Hikmah di Balik Larangan Memotong Kuku dan Rambut
Larangan memotong kuku dan rambut bagi calon muzakki selama sepuluh hari pertama Dzulhijjah bukanlah semata-mata aturan ritual belaka. Terdapat hikmah dan makna mendalam di baliknya. Imam Nawawi dalam kitabnya, Al-Minhaj Syarh Shahih Muslim bin Hajjaj, yang dikutip dari NU Online, menjelaskan bahwa hikmah dari larangan ini adalah untuk menyelamatkan seluruh anggota tubuh dari siksa api neraka. Ini menunjukkan pentingnya kesucian dan kesiapan diri dalam menyambut ibadah kurban.

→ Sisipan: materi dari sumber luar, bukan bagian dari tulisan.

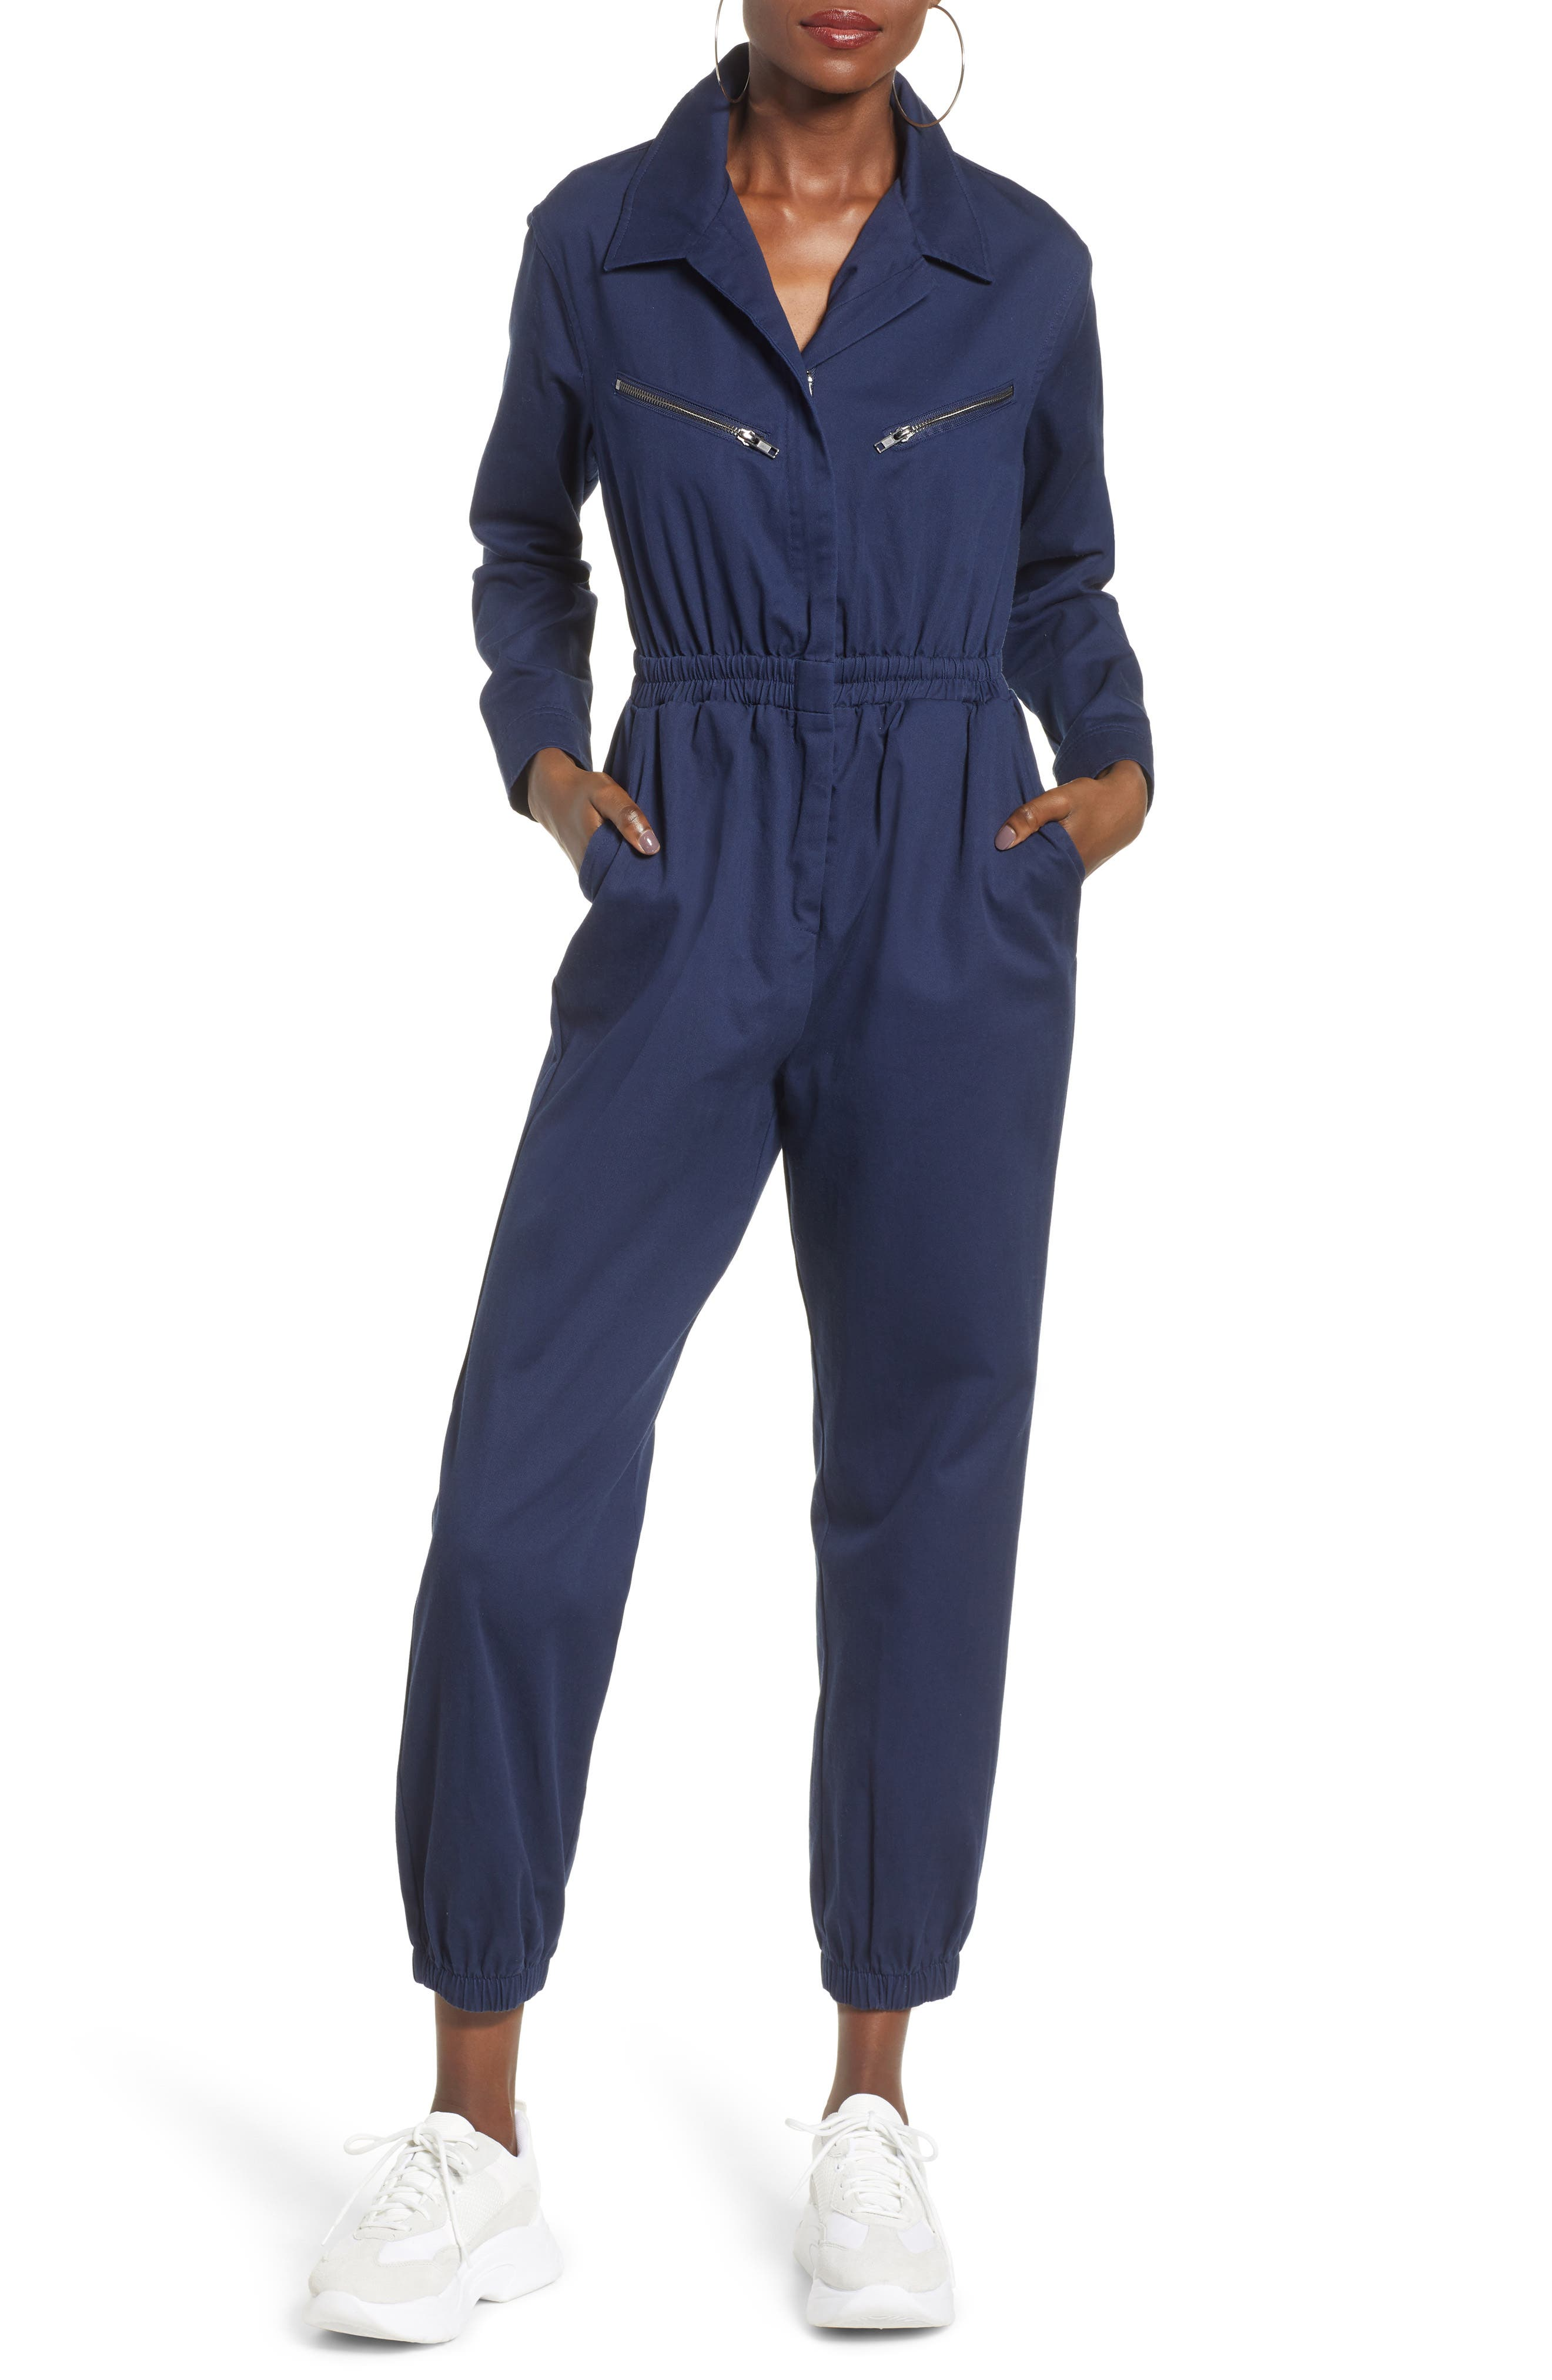 TEN SIXTY SHERMAN Twill Workwear Jumpsuit, Main, color, 400

Ada pula pendapat yang menyamakan larangan ini dengan larangan bagi orang yang sedang ihram, yaitu larangan untuk memotong rambut, kuku, dan melakukan tindakan-tindakan tertentu. Namun, Imam Nawawi membantah pendapat tersebut dengan alasan bahwa dalam keadaan ihram, ada larangan penggunaan wewangian, sementara dalam ibadah kurban hal tersebut tidak dilarang. Perbedaan ini menunjukkan bahwa konteks larangan dalam kedua keadaan tersebut berbeda.
Kesimpulannya, larangan memotong kuku dan rambut bagi calon muzakki selama sepuluh hari pertama Dzulhijjah merupakan bagian integral dari kesempurnaan ibadah kurban. Kepatuhan terhadap larangan ini tidak hanya menunjukkan ketaatan kepada sunnah Nabi SAW, tetapi juga mengandung hikmah dan makna spiritual yang mendalam. Umat Islam dihimbau untuk senantiasa berpegang teguh pada ajaran agama dan mengikuti perkembangan informasi resmi dari pihak berwenang terkait penetapan awal bulan Dzulhijjah 1446 H. Wallahu a’lam bisshawab.
Catatan Tambahan:
Artikel ini bertujuan untuk memberikan informasi dan pemahaman yang komprehensif mengenai batas waktu pemotongan kuku bagi calon muzakki. Namun, untuk kepastian dan detail lebih lanjut, diharapkan untuk selalu merujuk pada sumber-sumber keagamaan yang terpercaya dan para ulama yang berkompeten. Artikel ini tidak dimaksudkan untuk menggantikan fatwa atau nasihat dari ulama. Semoga informasi ini bermanfaat bagi para pembaca.